5. Biotype classification.¶
Each MAP is classified according to all its MCS genomic locations and their transcription level.
Biotype screening is performed using the GENCODE annotations according to the reference genome selected by the user and the RepeatMasker annotations
to account for human ERE sequences.
All MCS genomic locations are included in a BED file for intersect with such annotations using BEDtools.
To account for locations overlapping with several transcripts, reads were scaled according to the read distribution
coefficient for each biotype estimated with the expectation maximization (EM) statistical model.
For more information, see Biotypes.
As a result, BamQuery attributes a comprehensive RNA expression to any MAP of interest in any user-selected RNA-seq dataset.
Input Modes¶
BamQuery is designed to analyze MAPs ranging in length from 8 to 11 amino acids (aa). As peptide input, BamQuery supports three different formats that can be pulled into a single input file (See peptides tsv).
A) Peptide mode: only the amino acid sequence of the MAP is provided, hence BamQuery performs a comprehensive search for its RNA-seq expression.
B) MAP coding sequence mode: the amino acid sequence of the MAP is provided, hence BamQuery performs the search for the expression of the given MCS.
C) Manual mode: the amino acid sequence of the MAP is provided followed by a MCS, the corresponding location in the genome of the given MCS, the strand (+ forward or - reverse), whereby BamQuery performs the expression search at the given location for the given MCS.
Format Input Files¶
BamQuery requires two input file paths to search for RNA expression:
A) BAM_directories: list of Bam files in which the search is performed
B) peptides.tsv: list of peptides to be searched
A) BAM_directories.tsv¶
Please take precautions to store the bam/cram files under informative folder names as these are used by BamQuery to differentiate them. For more details see Configuration.
This file should look like follows:
BamQuery collects all BAM/CRAM files in each path included in the list.
For instance from the path /home/gtex/, BamQuery collects all the bam files for every tissue in gtex.
Note that:
The first column is the name of the BAM/CRAM file or group of files to be queried.

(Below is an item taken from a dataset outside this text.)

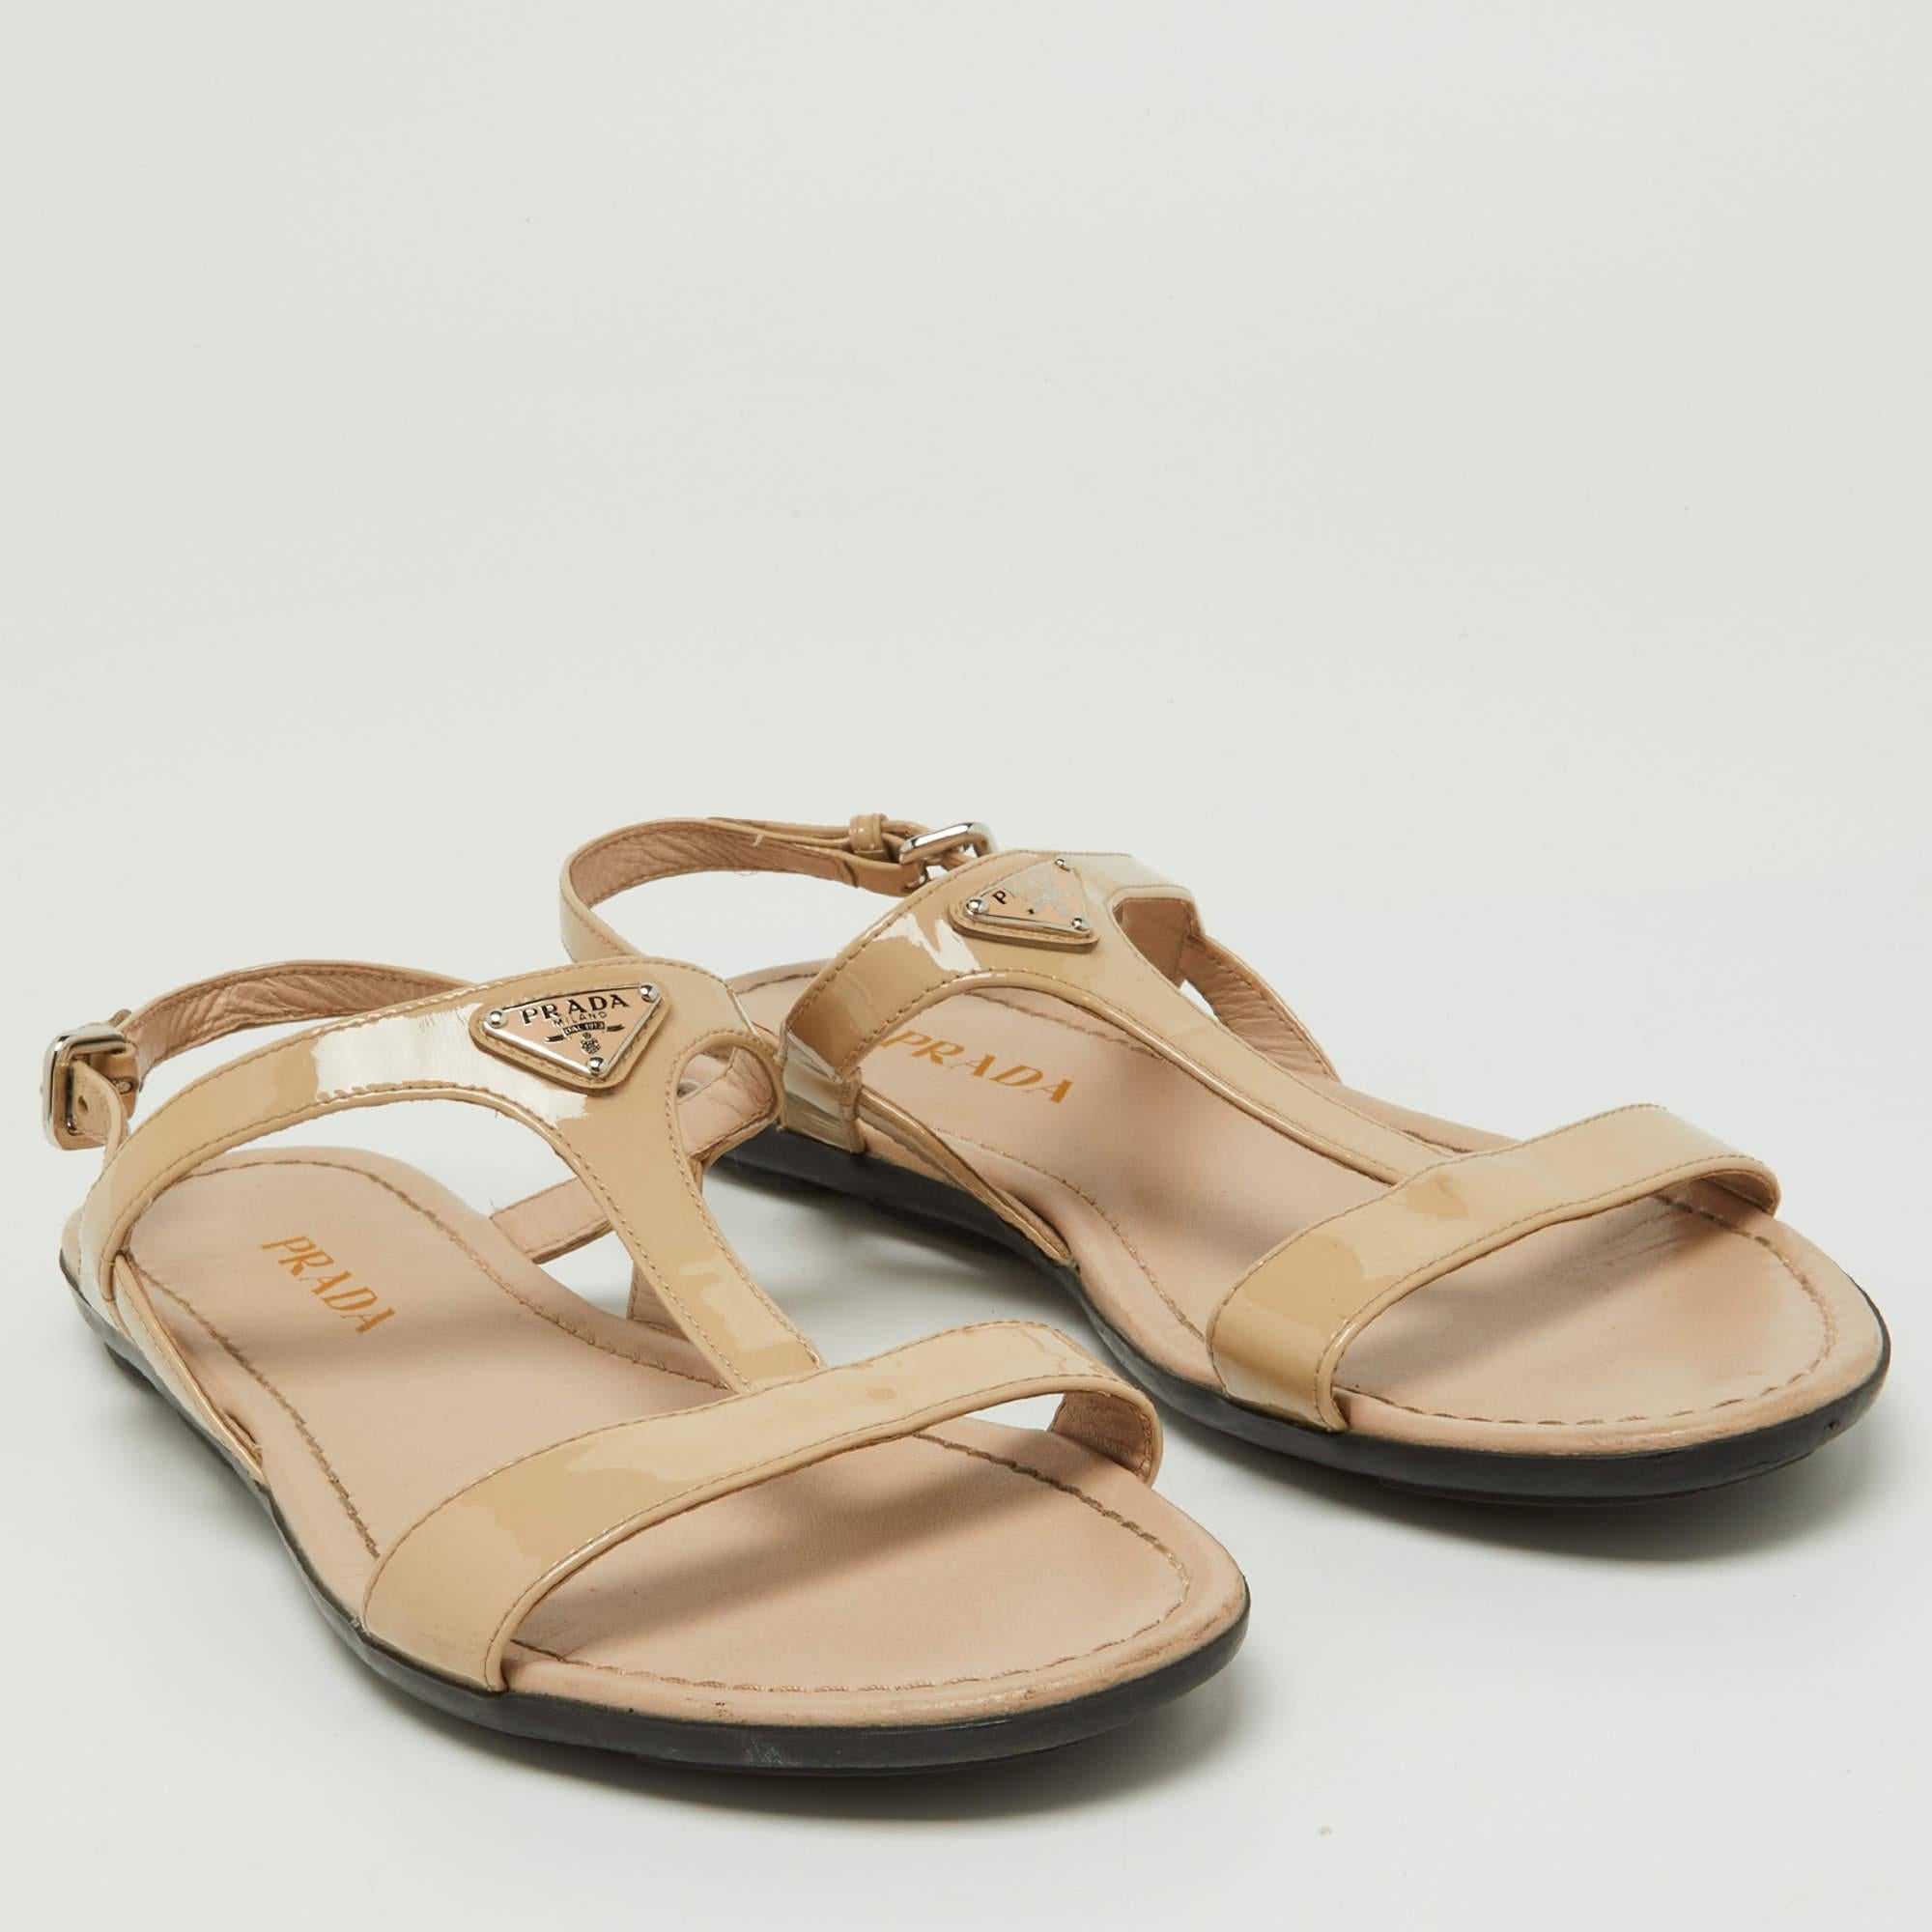 Prada Beige Patent Leather Flat Sandals Size 39 3

This name should describe the type of BAM/CRAM file(s).
The second column should be the path to the BAM/CRAM file(s).
The first and second columns are separated by a tab space.

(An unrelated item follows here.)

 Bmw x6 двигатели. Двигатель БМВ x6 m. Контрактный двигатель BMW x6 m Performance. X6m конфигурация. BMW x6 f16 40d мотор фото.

Do not use any headers in your tsv file.
B) peptides.tsv¶
This file should look like follows:
Note that all modes can be merged into a single peptides.tsv, however, you must follow the format assigned for each mode.
Warning
If a peptide has several peptide types, separate each peptide type with “, or ;”. For example: lymphoma,colon, would mean that the peptide was identified in lymphoma and colon cells.
Peptides in peptide mode:
Two columns separated by a tab space:
amino acid sequence of the peptide.
type of peptide to identify it. This name, for example, may refer to the condition or sample in which the peptide was identified.
Peptides in coding sequence mode:
Three columns separated by a tab space:
amino acid sequence of the peptide.
nucleotide sequence of the peptide.
type of peptide to identify it.
Peptides in manual mode:
Five columns separated by a tab space:
amino acid sequence of the peptide.
nucleotide sequence of the peptide.
position of the peptide.
strand backward (-) or forward (+) for the location of the peptide in the genome.
type of peptide to identify it.
Warning
The peptide location must follow the format: chrX:start-end|start-end. Note: chrX (for any chromosome), start = start location, end = end location. Only use “|” to specify if the peptide is spliced. The strand must be specified as (-) backward or (+) forward.